Wan Zhongyu, Wang Quan-De, Liu Dongchang, Liang Jinhu
Low Carbon Energy Institute and School of Chemical Engineering, China University of Mining and Technology, Xuzhou, 221008, People's Republic of China.
Department of Physics, Sungkyunkwan University, Suwon 16419, Korea.
Phys Chem Chem Phys. 2021 Jul 28;23(29):15675-15684. doi: 10.1039/d1cp02066h.

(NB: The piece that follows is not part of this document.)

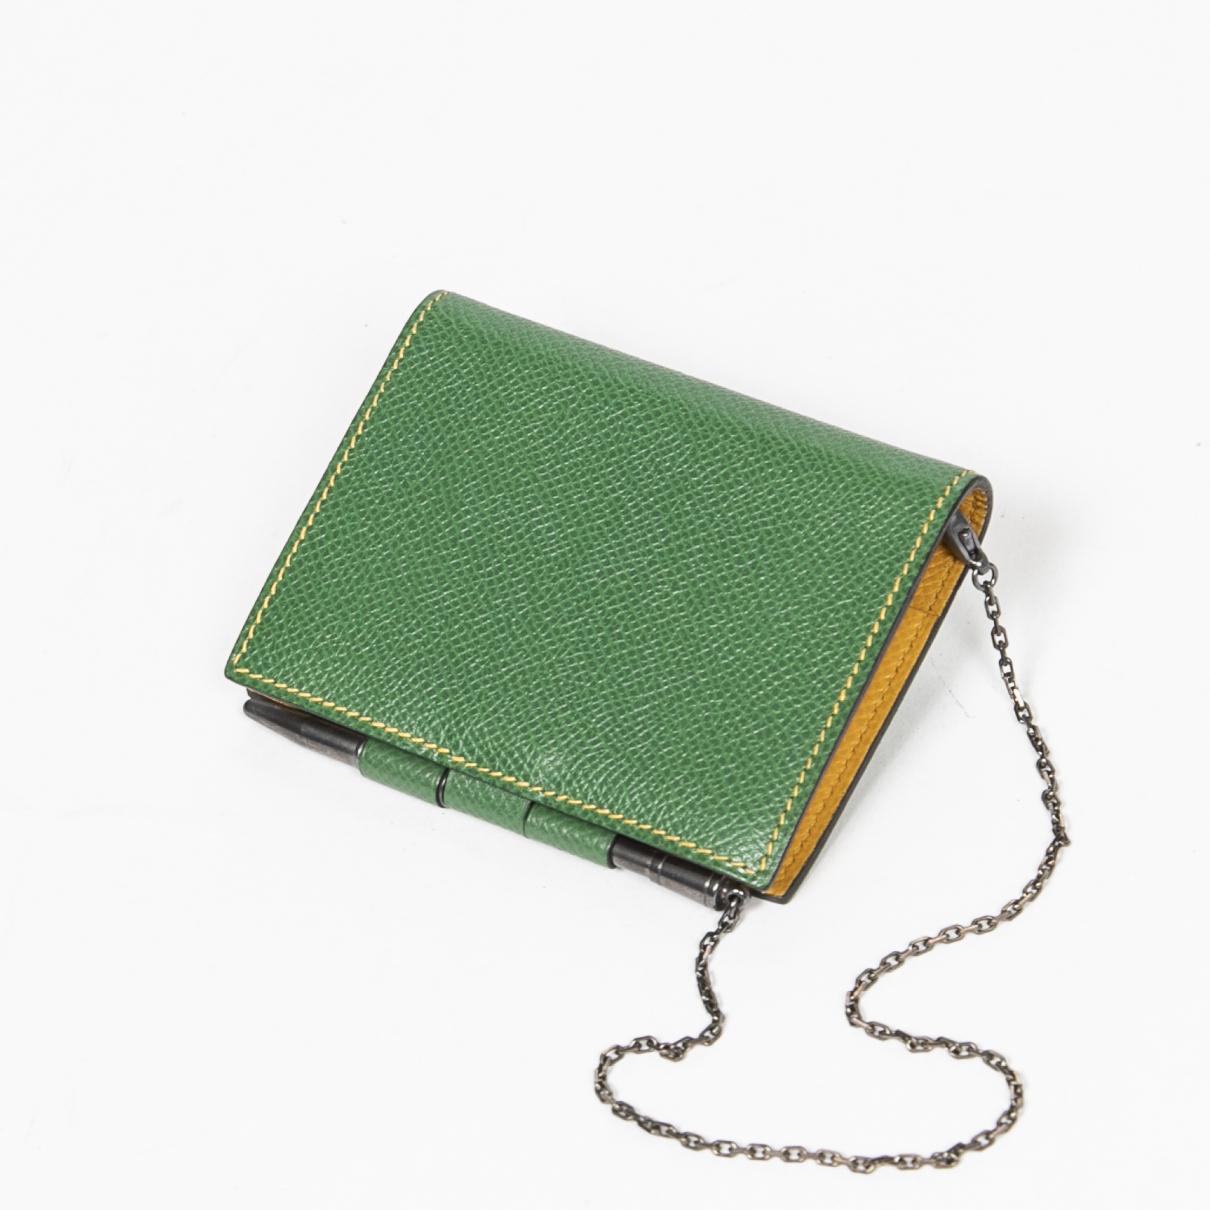 Hermes \N Portemonnaie in  Gruen Leder

Metal oxides are widely used in the fields of chemistry, physics and materials science. Oxygen vacancy formation energy is a key parameter to describe the chemical, mechanical, and thermodynamic properties of metal oxides. How to acquire quickly and accurately oxygen vacancy formation energy remains a challenge for both experimental and theoretical researchers. Herein, we propose a machine learning model for the prediction of oxygen vacancy formation energy via data-driven analysis and the definition of simple descriptors. Starting with the database containing oxygen vacancy formation energies for 1750 metal oxides with enough structural diversity, new descriptors that effectively avoid the defects of molecular fingerprints, molecular graphic descriptors and site descriptors are defined. The descriptors have obvious physical meanings and wide practicability. Multiple linear regression analysis is then used to screen important features for machine learning model development, and two strongly associated features are obtained. The selected descriptors are used as input for the training of 21 machine learning models to select and develop the most accurate machine learning model. Finally, it is shown that the least squares support vector regression method exhibits the best performance for accurate prediction of the targeted oxygen vacancy formation energy through systematic error analysis, and the prediction accuracy is also verified by the external dataset. Our work establishes a novel and simple computational approach for accurate prediction of the oxygen vacancy formation energy of metal oxides and highlights the availability of data-driven analysis for metal oxide material research.
金属氧化物广泛应用于化学、物理和材料科学领域。氧空位形成能是描述金属氧化物化学、机械和热力学性质的关键参数。如何快速准确地获取氧空位形成能,对实验和理论研究人员来说仍然是一个挑战。在此,我们通过数据驱动分析和简单描述符的定义,提出了一种用于预测氧空位形成能的机器学习模型。从包含1750种具有足够结构多样性的金属氧化物的氧空位形成能的数据库出发,定义了有效避免分子指纹、分子图形描述符和位点描述符缺陷的新描述符。这些描述符具有明显的物理意义和广泛的实用性。然后使用多元线性回归分析来筛选用于机器学习模型开发的重要特征,并获得两个强相关特征。所选描述符用作训练21个机器学习模型的输入,以选择和开发最准确的机器学习模型。最后,通过系统误差分析表明,最小二乘支持向量回归方法在准确预测目标氧空位形成能方面表现出最佳性能,并且外部数据集也验证了预测准确性。我们的工作建立了一种新颖且简单的计算方法来准确预测金属氧化物的氧空位形成能,并突出了数据驱动分析在金属氧化物材料研究中的可用性。